Considered the emblem of Anglo-Saxon conservatism, the eighteenth-century Irish thinker deserves a "rehabilitation" due to his liberalism and his faith in gradual reformism. A current lesson: He would have harshly criticized Trump today

Always protect institutions: Burke's topicality

The history of thought has yet to do Edmund Burke justice. Considered the most conservative of conservatives, the arch-enemy of all change, in reality he is far from this portrait.

Looking closely at his thought, Burke is as conservative in some respects as he is liberal in others, relating the meaning of the two terms to the time in which the Irish thinker lived.

His most important and well-known writing, Reflections on the Revolution in France, immediately became the manifesto of European conservatives. This connotation has unfortunately overshadowed other equally significant aspects of Edmund Burke's political activity and thought.
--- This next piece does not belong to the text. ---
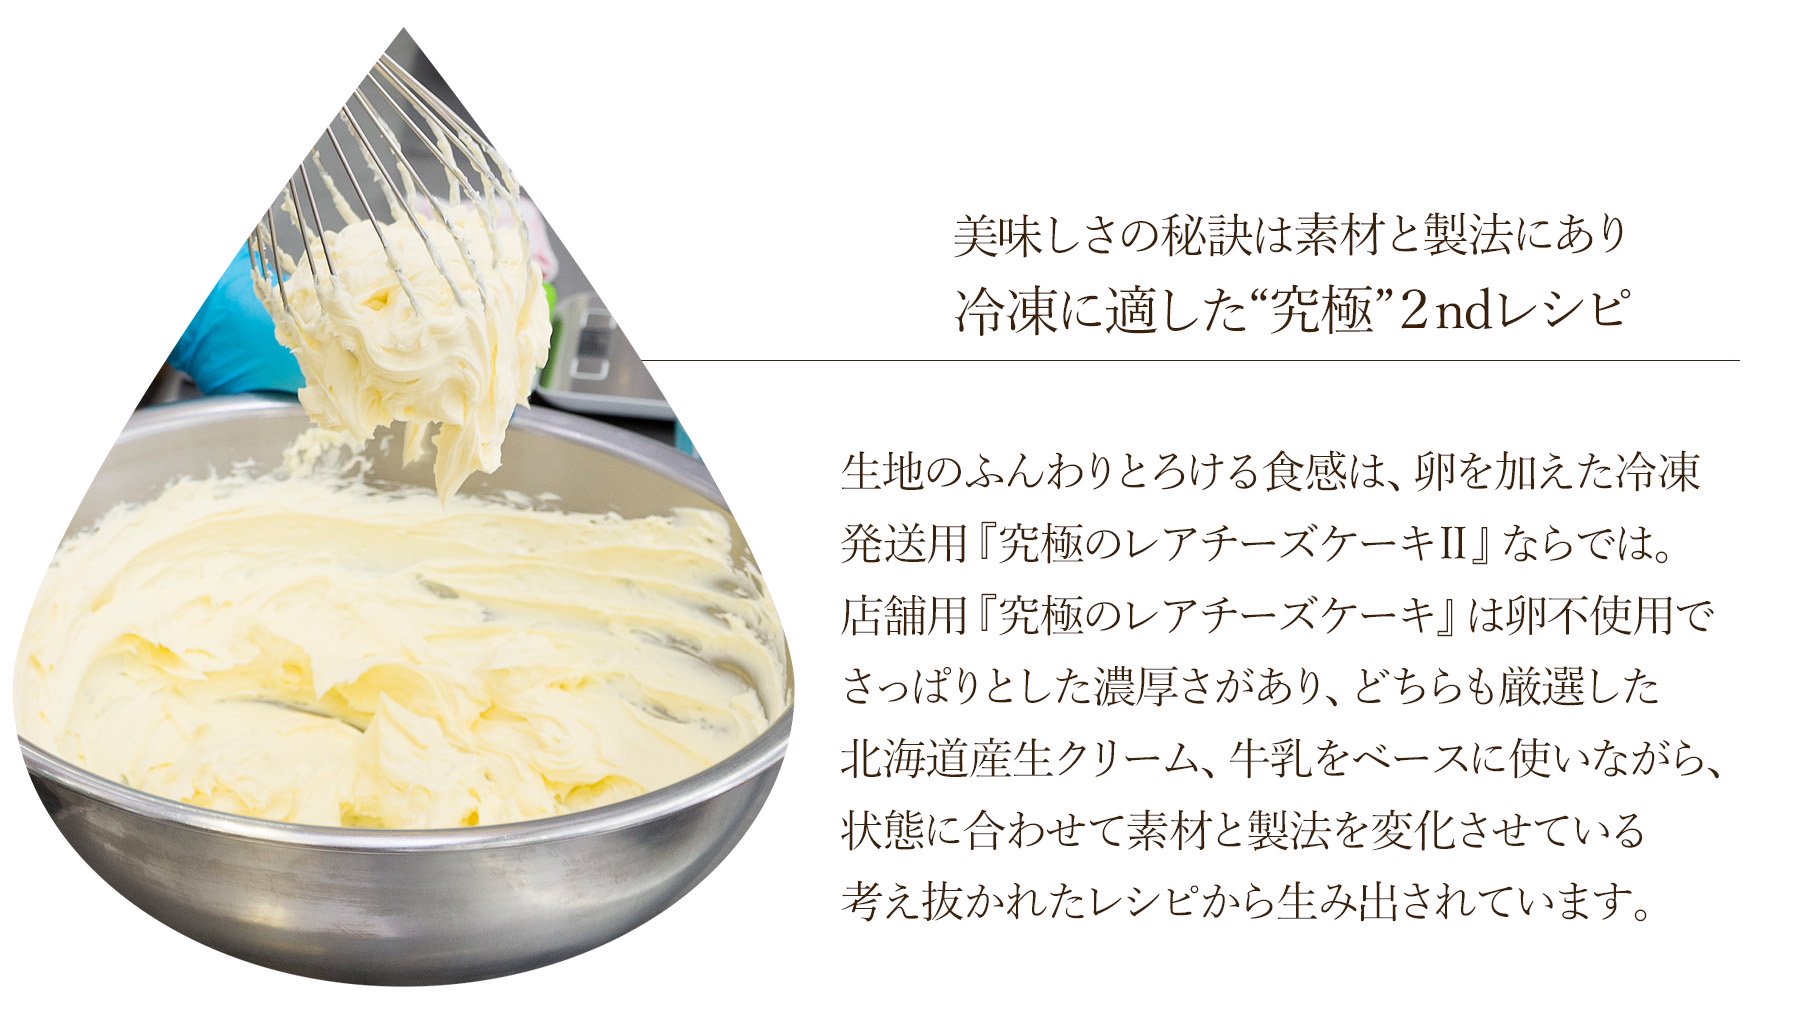 数種類の中から厳選した北海道産生クリーム、牛乳を使用。生地のふんわりとろける食感は、程よい酸味としっかり濃厚さが感じられるクリームチーズのバランスを計算して考え抜かれた製法から生み出されています。

If it wasn't for the Reflections, today Burke would occupy a less assigned, more dialectical place in the history of political doctrine. Even if in the United States attention towards Burke has rekindled unlike what happens in his country and in Europe.

Here Burke remains firmly in the conservative camp, as his recent biography written by Jesse Norman - a Conservative member of the House of Commons - entitled Edmund Burke: The First Conservative.

WHO DOES BURKE BELONG TO?

In a long 2013 article on “The New Yorker” Adam Gopnik wonders exactly who Burke belongs to and notices the originality and extraordinary nature of his thought even if it is difficult to define what makes it so extraordinary. Precisely this definitional difficulty leaves room for many interpretative guidelines. 

It should be added that even in private life Burke was an original and an eccentric and also extravagant in his tastes. Irish, redheaded, Catholic, he lived in a country where Catholics were discriminated against and marginalized from public life and from power in a similar way to what happens in the United States with African-American people.

An attempt to better place Burke in the history of political doctrine was made by the young historian Yuval Levin in his The Great Debate: Edmund Burke, Thomas Paine, and the Birth of Right and Left (2013). For Levin, the two thinkers, arch rivals at the time, ultimately stand in the same bed that of classical liberalism. 

They just see it differently. Paine sees it as a Newtonian physicist. Society must be continually reshaped on the basis of rational thinking of abstract laws and the scientific method. Burke's approach is that of evolutionary theory where mutations are gradual and reflect the inherited wisdom of the species. Human beings, in this view, live in a complex network of social relationships that pre-exist and surpass us.

BURKE POLITICIAN

A trait of Burke's political behavior and vision has in fact, as we will see better, a very topical moment in the contemporary political debate. This is the clear distinction that he draws between the institutions and whoever, at the moment, occupies them.

The harsh criticism or the tenacious fight against the person occupying an institution must never involve the institution itself, which must stay out of the political battle, even when this becomes polarized or extreme. Two trends that characterize the contemporary political scenario in many countries. For example, Burke would have been scandalized hearing slogans such as "Not my president."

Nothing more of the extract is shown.